A Study On Beam Resource Allocation Algorithms For Multi-faced Phased Arrays

With the rapid development of the technology, phased antenna arrays are widely applied in many applications, such as tracking radar systems, satellite communications and navigations. To satisfy the requirement of hemispherical coverage and reduce the scan loss, array systems composited with multiple planar phased arrays or a hemispherical array can be utilized.A multi-faced phased array can provide different simultaneous beams for about a dozen simultaneous targets. Assuming the position and the EIRP value of each target are known. The resources, such as elements, output power of the elements and different single planar arrays should be reasonably allocated to different targets, which lead to an optimization problem with constraints on the limited resources and maximal the array functions.An antenna structure with sixteen planar sub-arrays for general hemispherical coverage is described in this thesis. It is of two layers and each layer is composited with eight planar arrays with solid T/R elements. The angular range for hemispherical coverage is been divided and the mapping between the sub-regions and the sub-arrays is given. According to the number of the sub-arrays, the sub-regions can be classified as three types: two sub-arrays, four sub-arrays and eight sub-arrays. Then, determining all the possible sub-arrays of each target and simplify the allocation problem as a mathematic model.In this thesis, a simple algorithms for resource allocation is proposed for such a system.

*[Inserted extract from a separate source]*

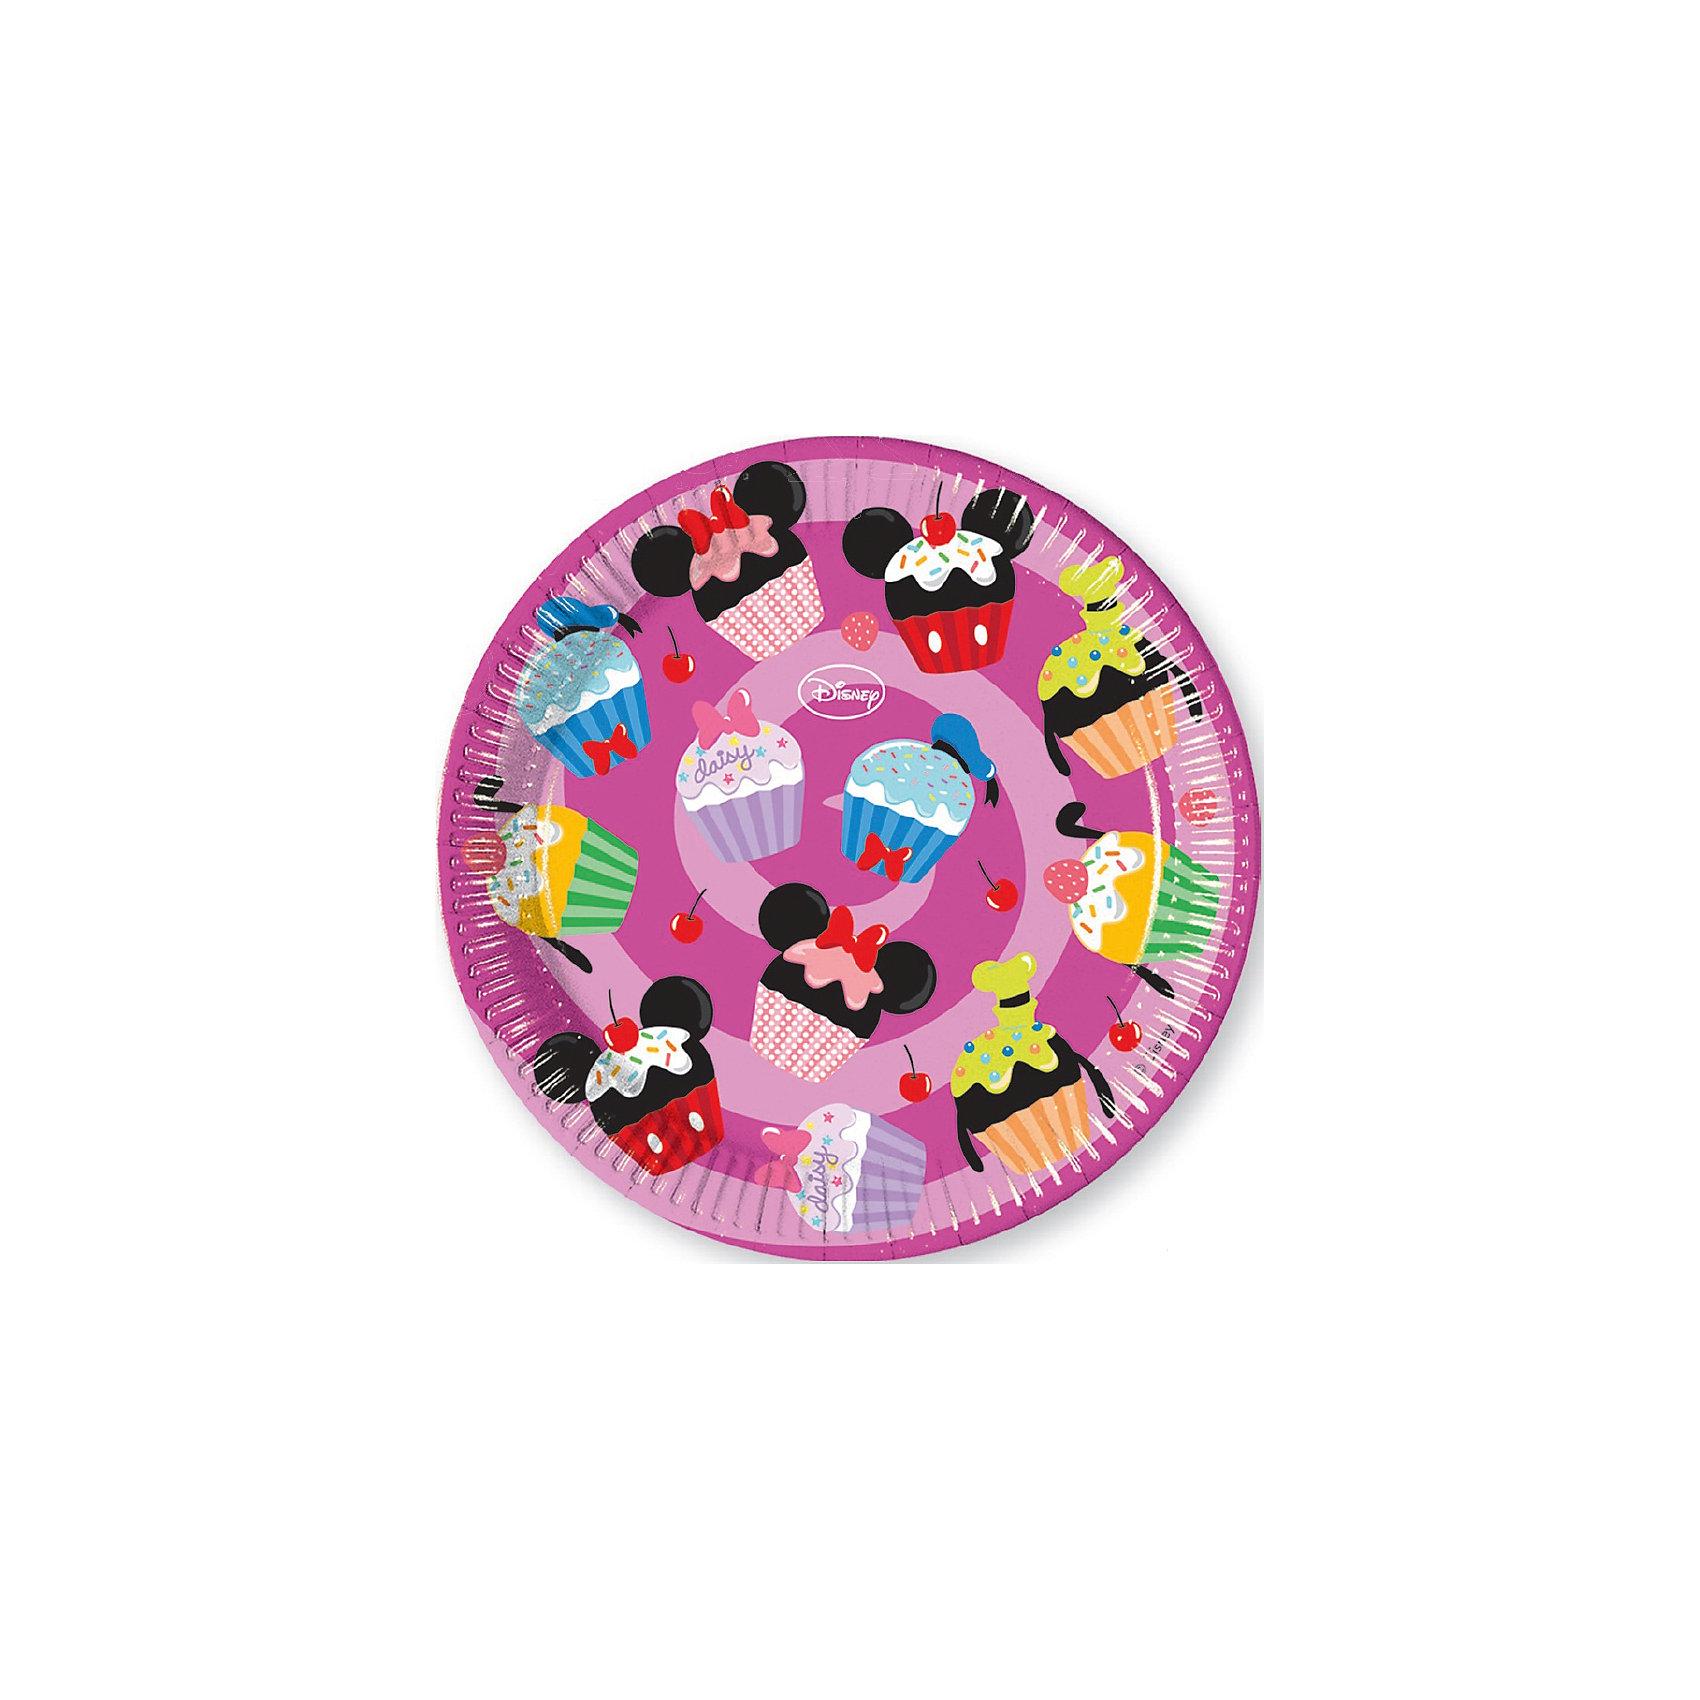 Тарелки Микки и его друзья - сладости 23 см, 8 шт.Всё для праздника<br>Характеристики товара:<br><br>• возраст: от 3 лет;<br>• упаковка: пакет;<br>• размер упаковки: 23х23х2 см.;<br>• количество тарелок: 8 шт.;<br>• размер тарелки: 23 см.;<br>• цвет: розовый;<br>• материал: картон;<br>• бренд, страна: Procos, Россия;<br>• страна-производитель: Греция<br><br>Тарелки  «Микки и его друзья – сладости» помогут не только оригинально и необычно украсить праздничный стол, и создать незабываемую атмосферу праздника, но и обезопасят вас и ваших детей от разбитой посуды. <br><br>Тарелки сделаны из качественных материалов, не токсичны, противоаллергенны и безопасны для здоровья.<br><br>Тарелки  «Микки и его друзья – сладости» , 23 см., 8 шт., Procos (Прокос)  можно купить в нашем интернет-магазине.<br><br>Ширина мм: 20<br>Глубина мм: 222<br>Высота мм: 222<br>Вес г: 10<br>Возраст от месяцев: 36<br>Возраст до месяцев: 120<br>Пол: Унисекс<br>Возраст: Детский<br>SKU: 6914343

The targets may have the priority or not. For the allocation of the targets with priority, the sub-array with closer normal direction will be chosen. For the real-time allocation of the targets without priority, b y estimating the computation, two methods can be chosen. The exhaustive search can find a result which has the maximum resources remaining. By using the strategy, the power resources of a face are allocated to targets with as large EIRP requirements as possible to make full use of resources as possible.Three resource allocation problems are given by using the algorithm. The results including the amplitudes of the exciting current, the excitation phase shifts and sub-array are listed, which verify the effectiveness of the algorithms.